Book Review: Complex PTSD: From Surviving to Thriving: A Guide and Map for Recovering from Childhood Trauma
By: “Dee”
I think this book is shit. He keeps referring to his narcissistic parents. I wish he wrote less from his personal experience but more generally about Complex PTSD – because that’s what I expected from the title of the book. The title of the book isn’t Complex PTSD from Shitty Parents.
So I kinda flipped through it, reading sections here and there, going backwards and forwards. I thought it’s ok, but it’s not for me, because it wasn’t my parents who did “It” to me.
But this past month, I had some issues with a friendship which I think reflects a pattern of problems I think I have with people in general. (There’s a lot of “I think” because I struggle with identifying how I really feel and what that means and I’m never really sure.

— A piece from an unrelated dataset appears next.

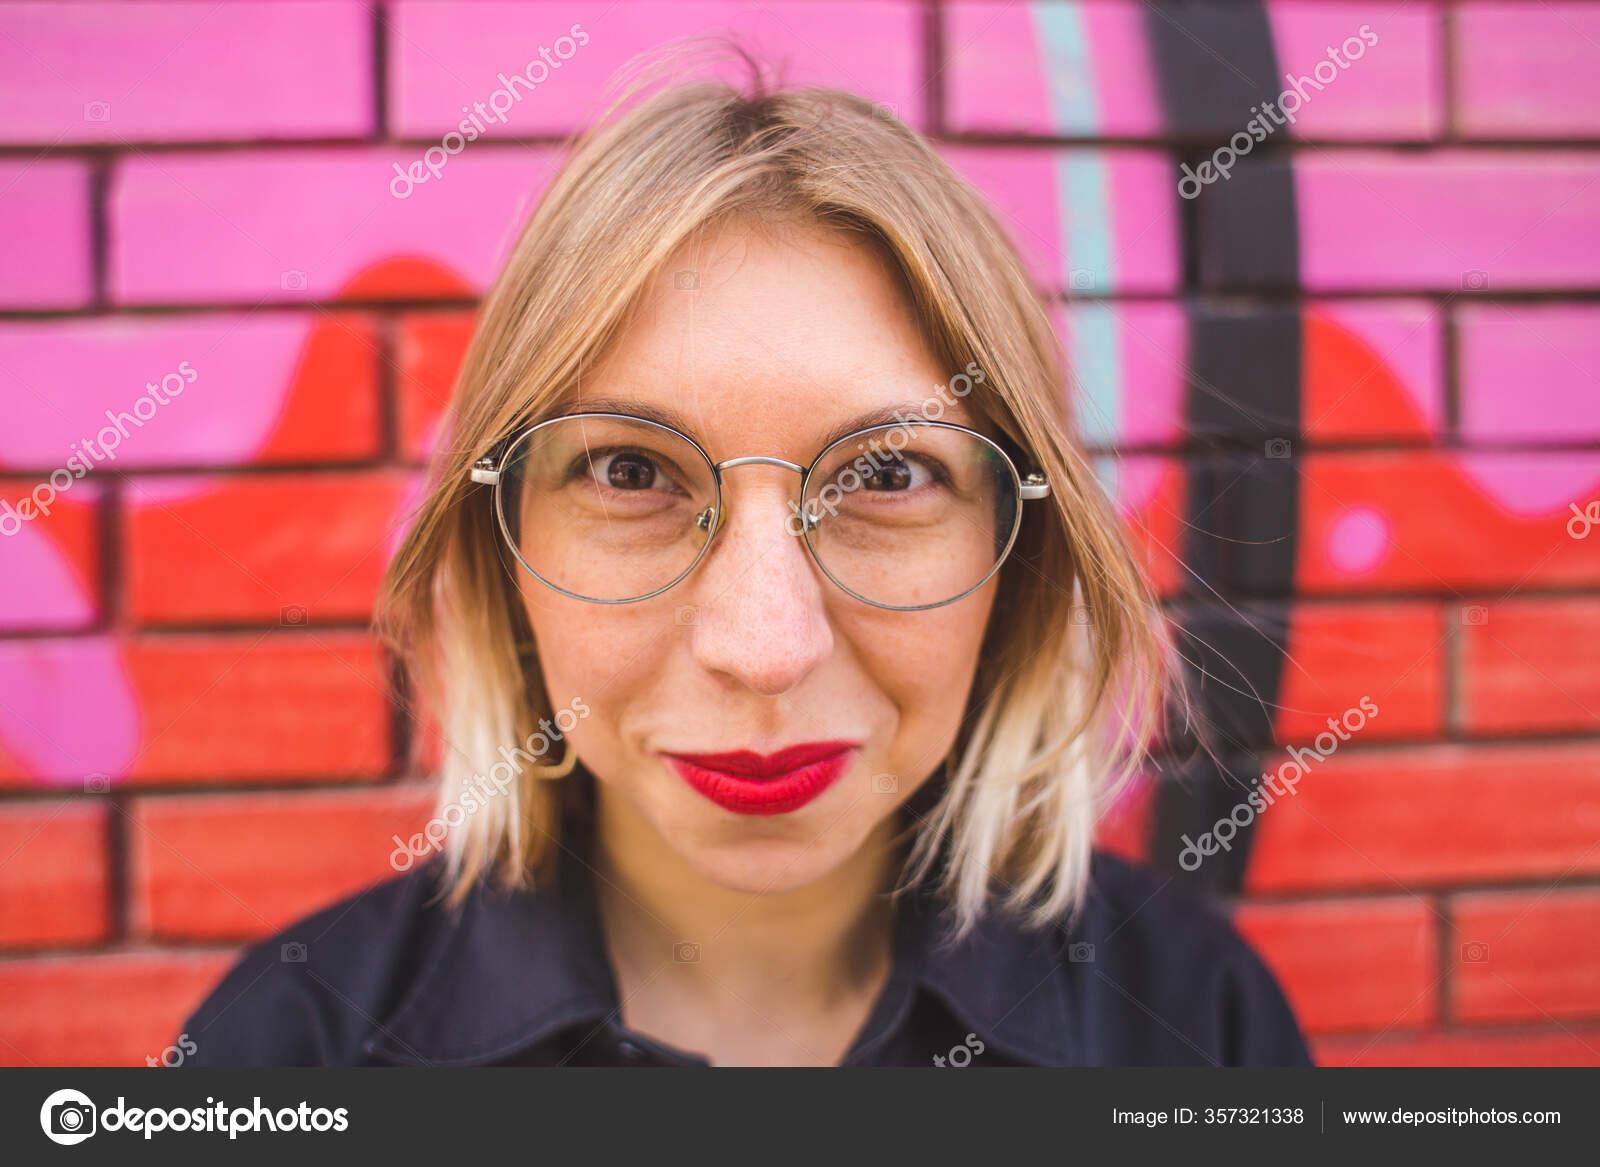 Blondine Mit Brille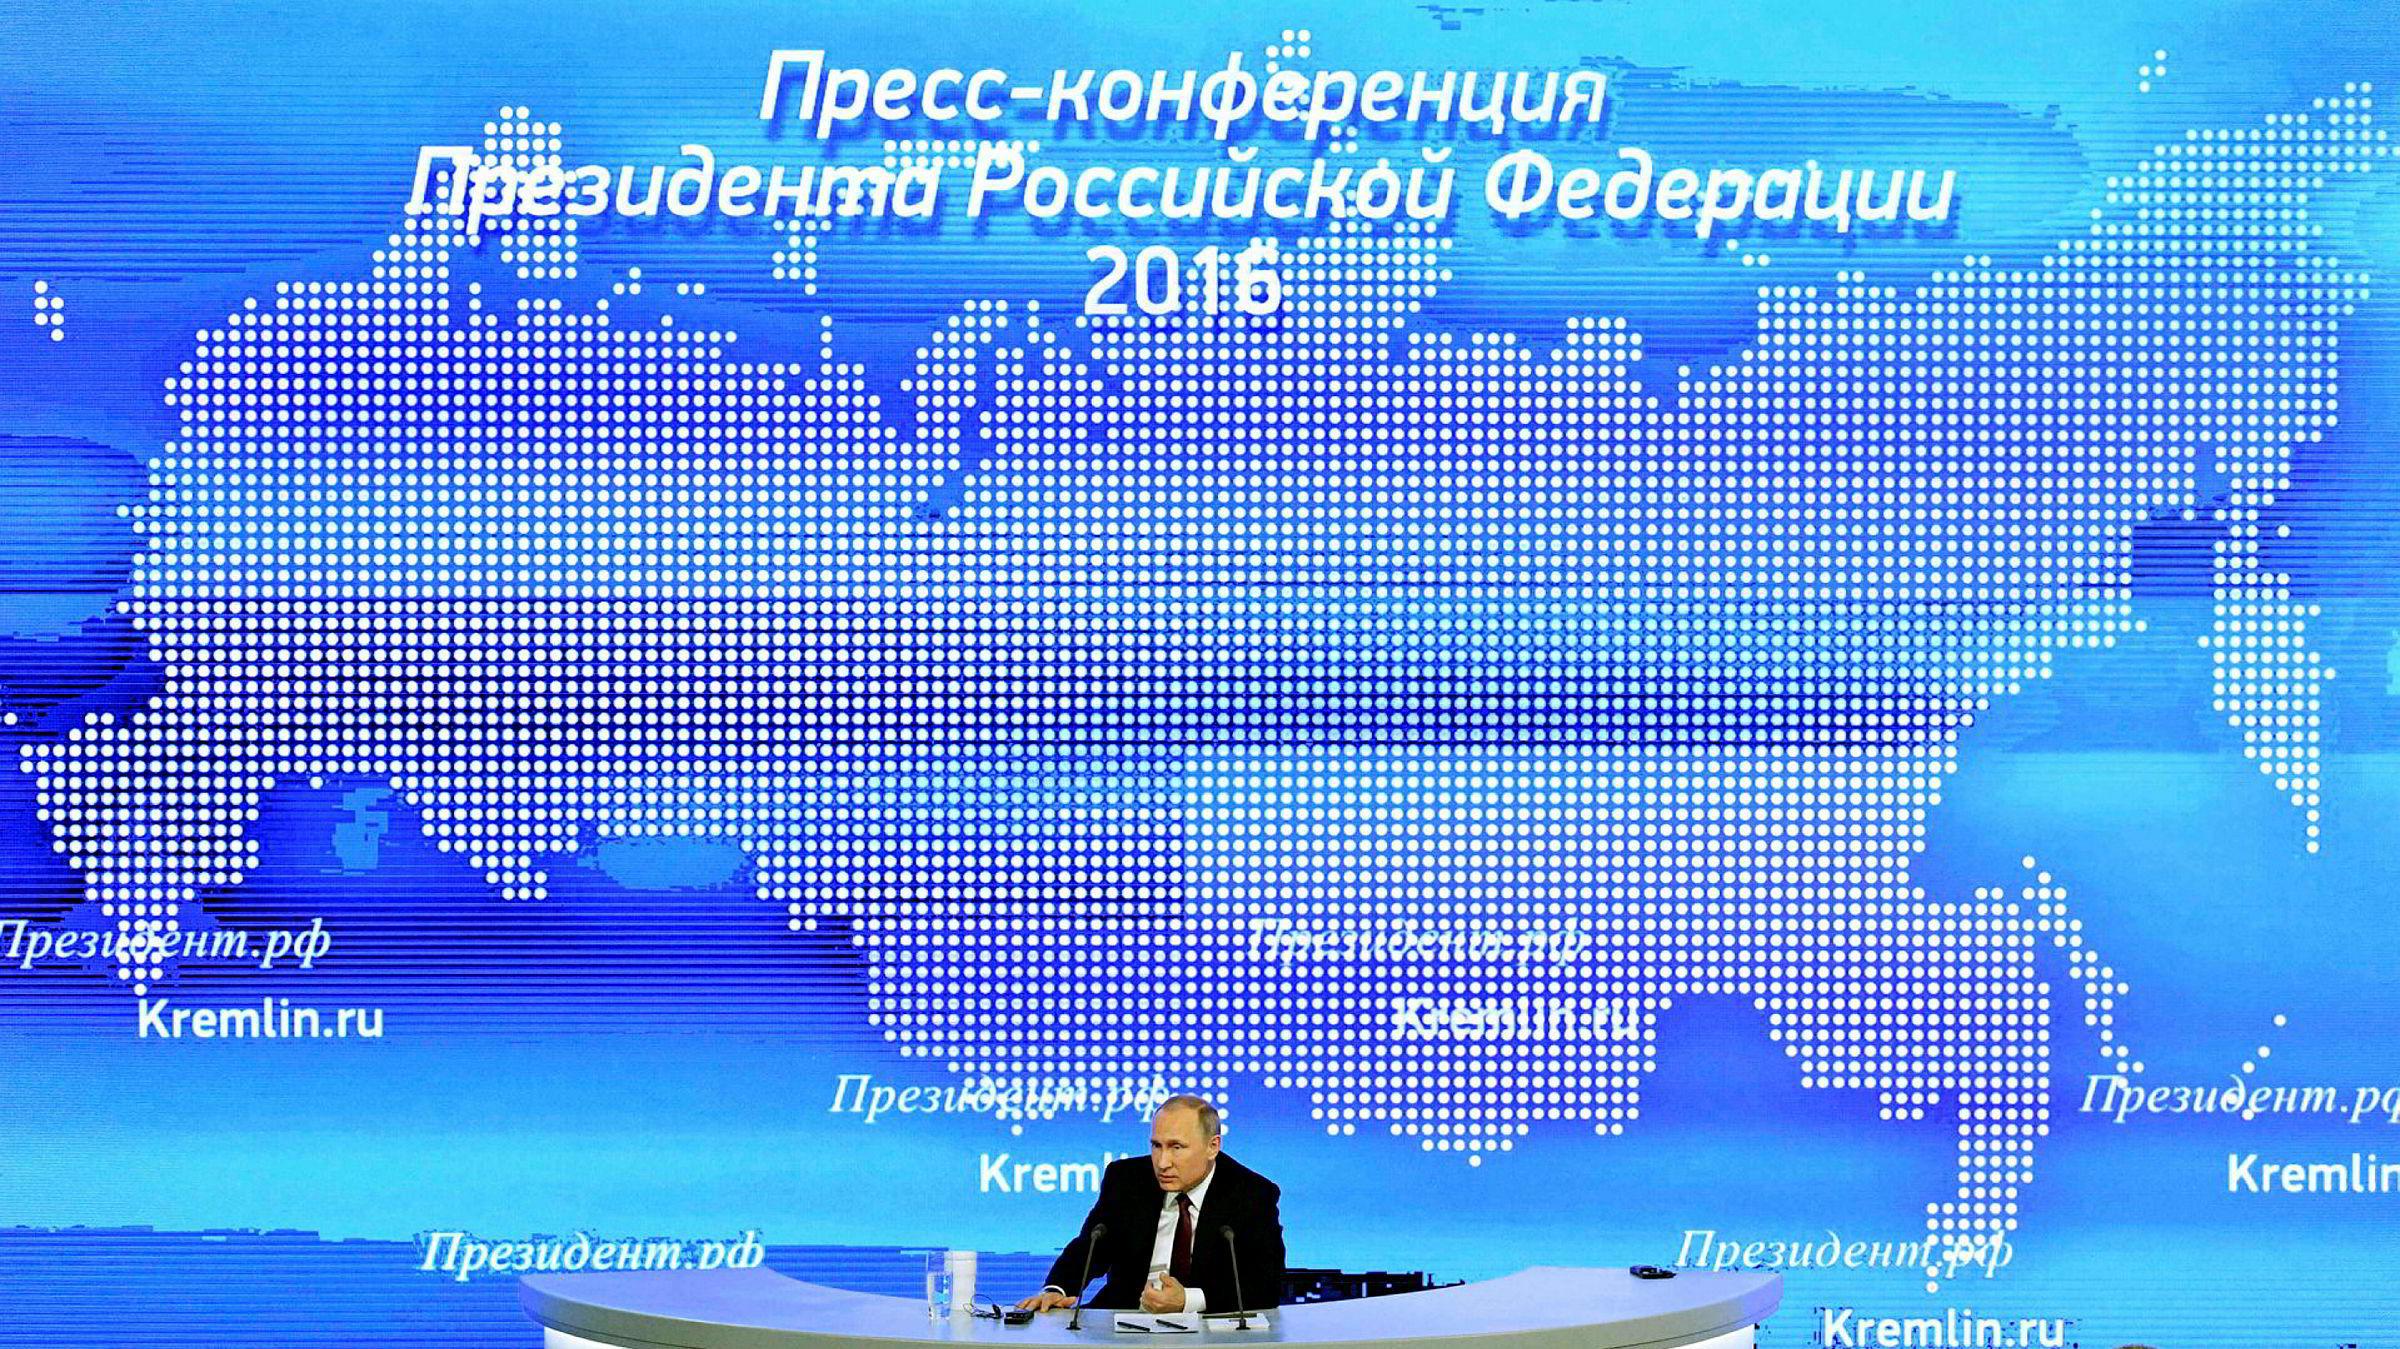 Russlands president Vladimir Putin må holde på populariteten i en stadig forverret økonomi og det er kun spektakulære seire utenlands som kan levere dette, skriver artikkelforfatteren.

I think.) When I get too close to someone, shit happens. So in this instance, I packed up my bag. I went home. I cried. I googled.
Then I remember that shit book I read and decided to see if it says anything about being an angry bitch to all your friends.
I read Chapters 9 and 10 about your Inner Critic and Outer Critic. I had to pause multiple times to breathe and rummage for tissue to wipe my eyes. In between paragraphs and sections, I watched episodes of Kim’s Convenience to “get out of it”. Maybe I also just stared at a wall and cried. Because I realised those two chapters just explained my entire adult life and all the relationships I’ve ever had. I was devastatingly relieved – if that’s a thing.
I was devastated because it’s such a thing that there are two book chapters on it. I was relieved because that means I’m not the only person who has ruined so many of my relationships by being a critical bitch. I was very sad because that book is telling me I’m that person I really don’t want to be.
So yeah. That book is shit. But who knows, you just might find yourself in there. And you too might feel ready to tackle your critic.